Following string(test) is replaced with hoge.
I have two web pages, one page has been created by hand, the other has been published with visual studio 2010 (.aspx). I want to modify the content of these files, replacing a bunch of script tags by a single script tag. To achieve this goal, I simply run some Perl code from a batch file. Here is the Perl code and the HTML before and after substitution :
Perl in a batch :
perl -pi.backup -e "s/<!--\s*<pack>\s*-->.*?<!--\s*<\/pack>\s*-->/<script src=\"pack.js\"><\/script>/s" file.aspx
HTML input :
<!-- <pack> -->
<script src="file1.js" type="text/javascript"></script>
<script src="file2.js" type="text/javascript"></script>
<!-- </pack> -->
HTML output :
<script src="pack.js"></script>
Everything works fine for the hand created file, while the generated file is not updated unless all lines are gathered into one. I guess the issue comes from linebreaks but I can't figure out why it does work only for the first file since the code is exactly the same.

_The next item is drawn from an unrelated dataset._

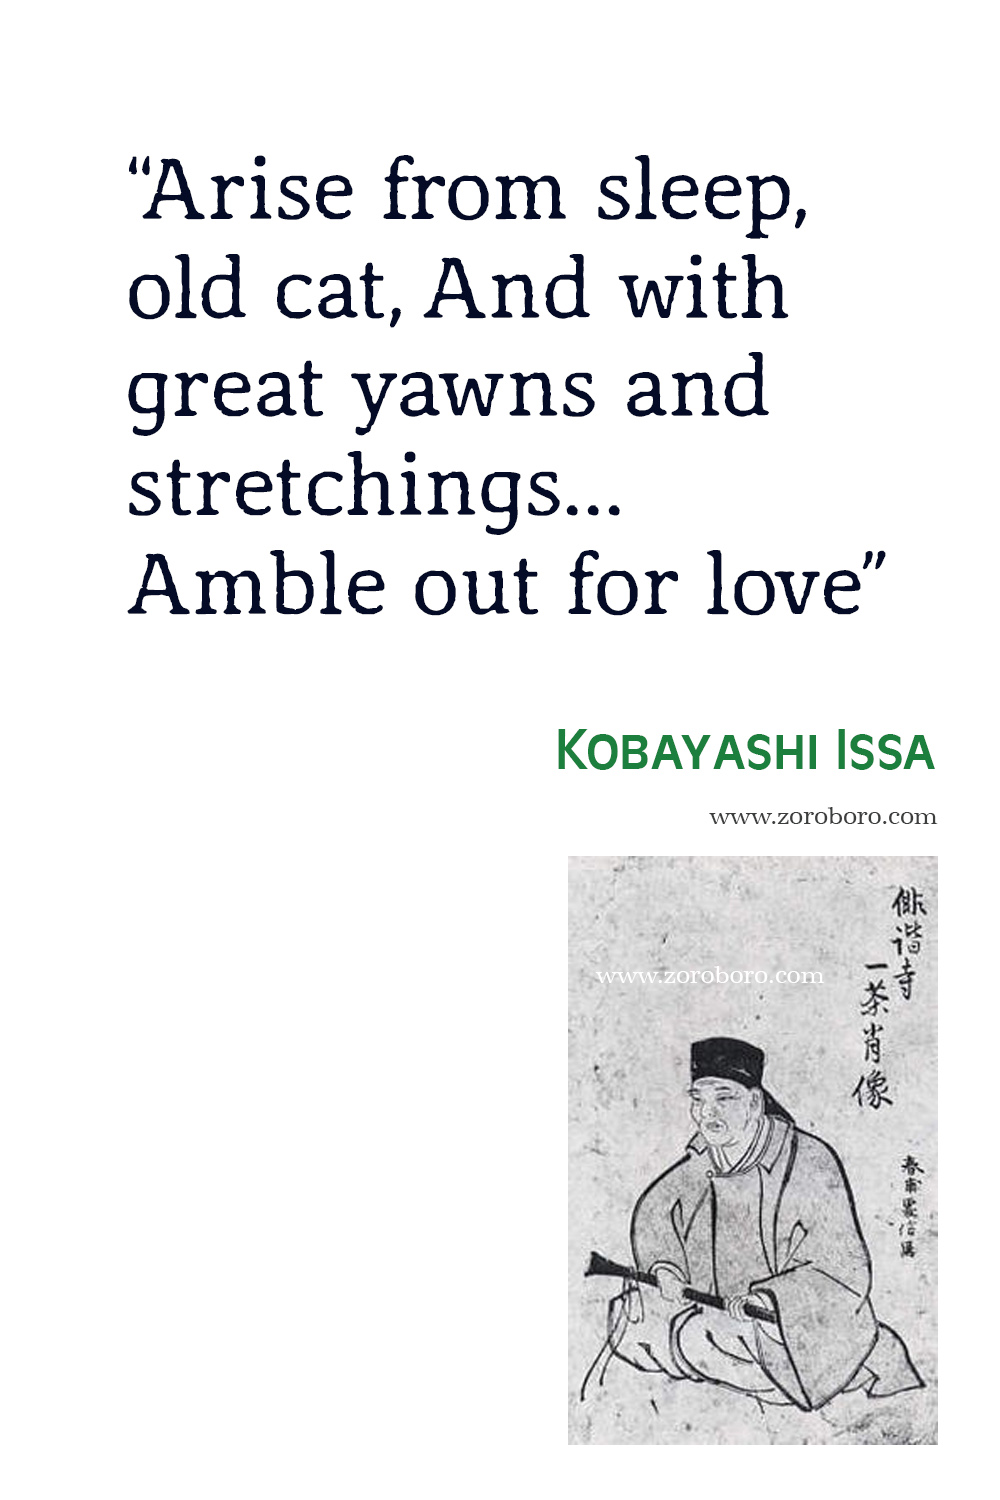 Kobayashi Issa Quotes. Kobayashi Issa Poems, Kobayashi Issa Poetry, Kobayashi Issa Books, Kobayashi Issa Famous haiku, Kobayashi Issa Haiku Poems

Your problem is that running Perl with the -p switch causes it to execute the code for each line and print the result. Thus the regex is only seeing one line of the file at a time, and is never able to match the entire pattern.
You could do something like this:
perl -i.backup -e "undef $/; $_=<>; s/<!--\s*<pack>\s*-->.*?<!--\s*<\/pack>\s*-->/<script src=\"pack.js\"><\/script>/s; print" file.aspx
It slurps the whole file into $_, then performs your substitution and prints the result to the same file.